To further analyze the role of P2X7 in osteoblasts under HG conditions, BBG and BzATP were used to antagonize and activate P2X7 function, respectively. The present results demonstrated that overexpression of P2X7 promoted the differentiation of MC3T3-E1. BBG had no significant effect on cell viability, indicating that BBG had no obvious toxicity to cells. In addition, BBG and BzATP participated in the differentiation of osteoblast MC3T3-E1 by regulating the function of P2X7. In addition, the overexpression of P2X7 partially reversed the effects of BBG with or without HG treatment. Wu et al (38) used a hyperglycemic mice model to investigate the effect of HG on bone formation and bone resorption. Nicke et al (39) describe a novel P2X7 isoform with distinct functional properties that contributes to the diversity of P2X7 receptor signaling. In the present study, it was demonstrated that HG caused damage to osteogenic MC3T3-E1 cells and that the overexpression of P2X7 increased osteogenic differentiation and proliferation of MC3T3-E1 cells. It was also found that inhibiting P2X7 decreased osteogenesis under HG conditions. Therefore, the findings of the present study suggested that P2X7 may be a regulator of the action of HG on osteogenic MC3T3-E1 cells. Future studies will be required to provide a more in-depth validation experiments of P2X7 in osteoblasts under HG conditions.

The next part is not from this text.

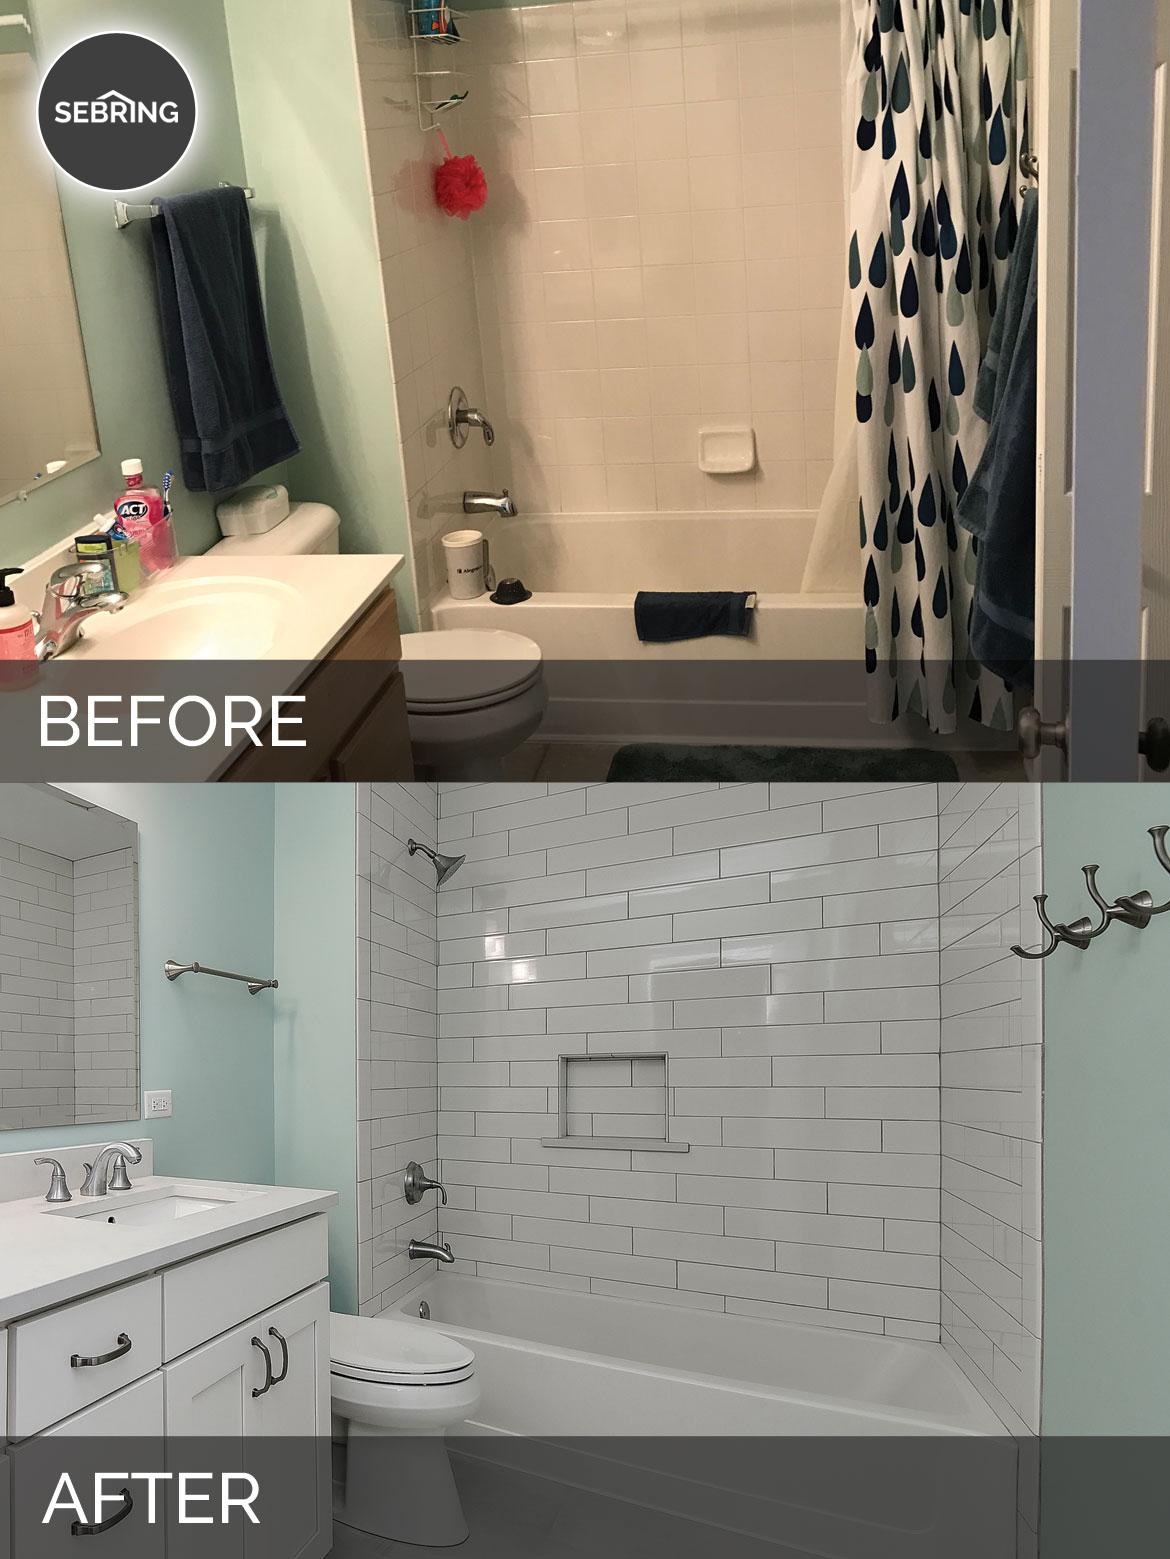 Before & After Guest Hall Bath Plainfield - Sebring Design Build

In conclusion, the present study indicated that HG stimulation inhibited the proliferation and differentiation of osteoblasts by downregulating the expression of P2X7, and that activating P2X7 could significantly improve the function of osteoblasts under HG conditions. However, the role of P2X7 in insulin and glucose metabolism requires further investigation, since the present study did not examine the relationship between P2X7 and GPRC6A. In addition, the culture of cells in HG conditions could affect cell viability, which may also affect osteoblast differentiation.